A big problem with using Annan’s work to discuss Stern is that the two are talking about different things. Stern is looking at projections of global temperature in the year 2100 under BAU. This is not the same as ‘sensitivity’ for four main reasons
(i) ‘Sensitivity’ is normally measured as the equilibrium change for a doubling of CO2 levels. But a doubling relative to the pre-industrial level is what would happen if we adopted the stabilisation policies proposed by Stern. BAU means a much larger change
(ii) ‘Sensitivity’ is a long-run equilibrium change, but the climate won’t have fully adjusted to equilibrium by 2100
(iii) ‘Sensitivity’ is a property of the atmosphere, as represented in a GCM model, in response to given forcings. It is defined to exclude a range of non-atmospheric feedback effects that are of obvious importance in thinking about the likelihood of extreme outcomes from a given scenario, such as large releases of methane from a thawing tundra or (going in the opposite direction) the collapse of the thermohaline circulation.
Points (i) and (ii) go in opposite directions, and mainly affect the mean value of the projections for 2100. Their joint impact can be calculated in making projections, but it means that it’s necessary to take care in reading Annan and Hargreaves’ work. When they say, for example, that the probability of a climate sensitivity or more than 6 degrees C is small, this does not mean “It’s very unlikely that global average temperatures will rise by 6 degrees C”. On the contrary, the Annan and Hargreaves’ analysis implies that, given enough forcing (roughly speaking a quadrupling of CO2 relative to pre-industrial levels), an eventual increase of 6 degrees C is virtually inevitable.
Point (iii) means that the actual range of uncertainty about changes in average temperatures under any given scenario is greater than the range of uncertainty about a single model parameter such as sensitivity. We also have to take account of uncertainty about the relationship between human activity and the forcings that are defined on the input side of the model.
This brings us to point (iv) uncertainty about the model itself. GCM models have improved a lot in recent years, but there is still plenty of uncertainty about the details. Some of this makes it into calculations like those of Anna and Hargreaves, but some does not. For example, sensitivity appears as part of (as I read it) a linear relationship between equilibrium climate and the log of C02 emissions, but there must be some positive probability that the true relationship is nonlinear, with unmodelled effects coming into play as we move outside the range of temperatures on which the models have been estimated. I don’t see how work like that of Annan and Hargreaves capture the uncertainty associated with this possibility.
It also points to a more general problem. Bayesian reasoning is powerful, and a big improvement on older frequentist ways of thinking about probabilities, but it tends to produce overconfidence. If a given assumption is built into the prior probability distribution for a Bayesian model, it can’t be changed by contrary evidence. All you can do is scrap the model and start over.

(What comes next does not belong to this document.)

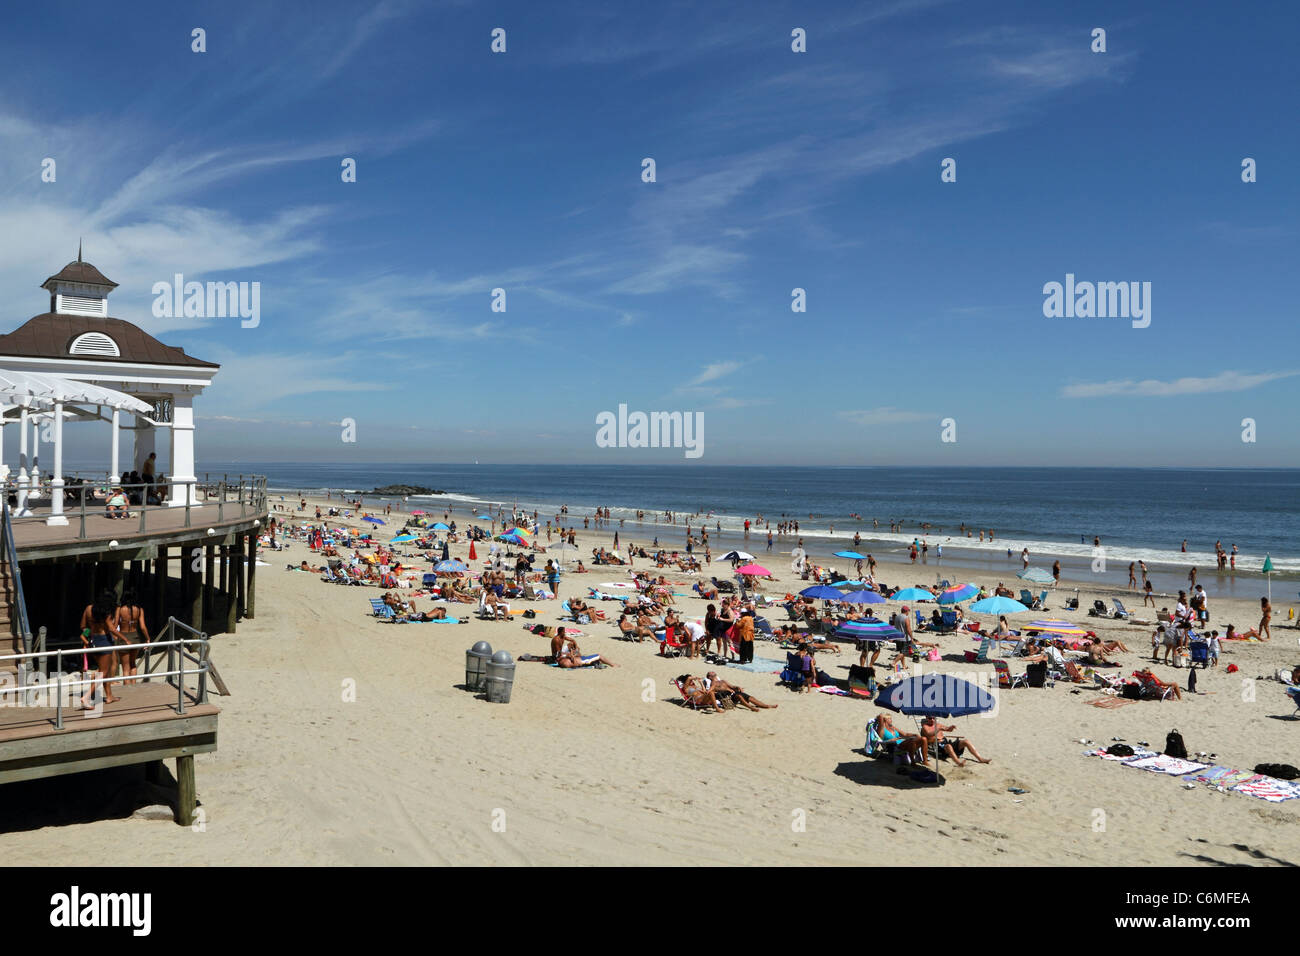 The beach in Long Branch, New Jersey, USA. A popular shore destination. Stock Photo

This is why there has been a lot of interest in more general models of uncertainty with unknown probabilities some of which is referred to in Stern. This is the main theme of my current research on uncertainty some of which you can read here.

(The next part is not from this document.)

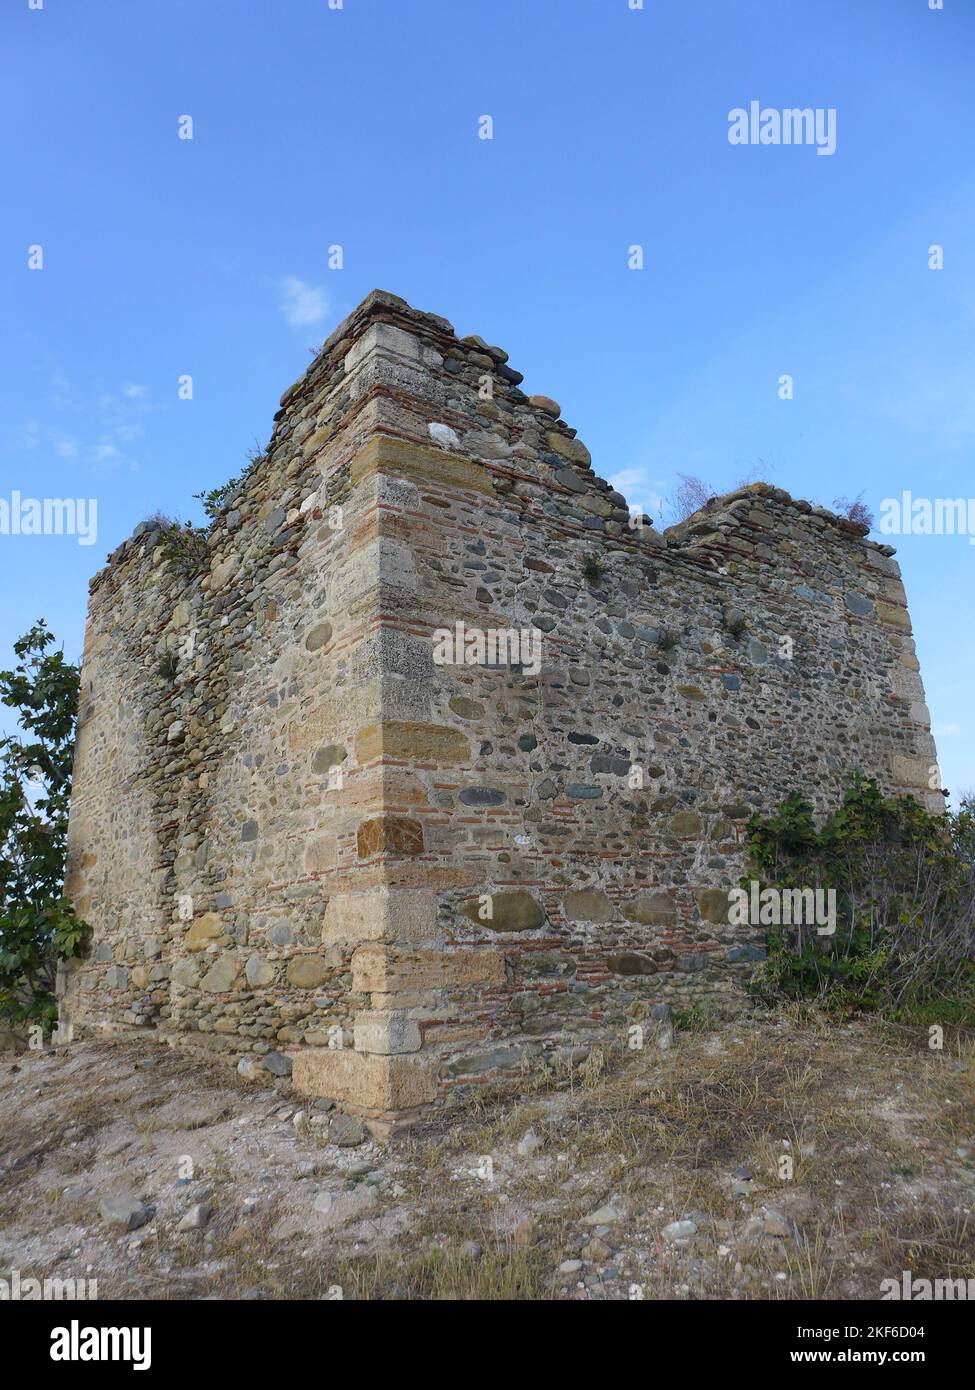 Turm in Pinson mittelalterliche Siedlung, Basilika, Thessaloniki, Griechenland Stockfoto

(i) low probability events at the tail of the distribution are important
(ii) when applied to the variable of interest, the likely rate of warming over the next century, the range of uncertainty in the Stern report does not appear excessive.
* See, for example, this piece by Ron Bailey, who also confuses changes in levels with changes in growth rates, and plugs the Copehnagen Consensus which even participants eventually realised was rigged.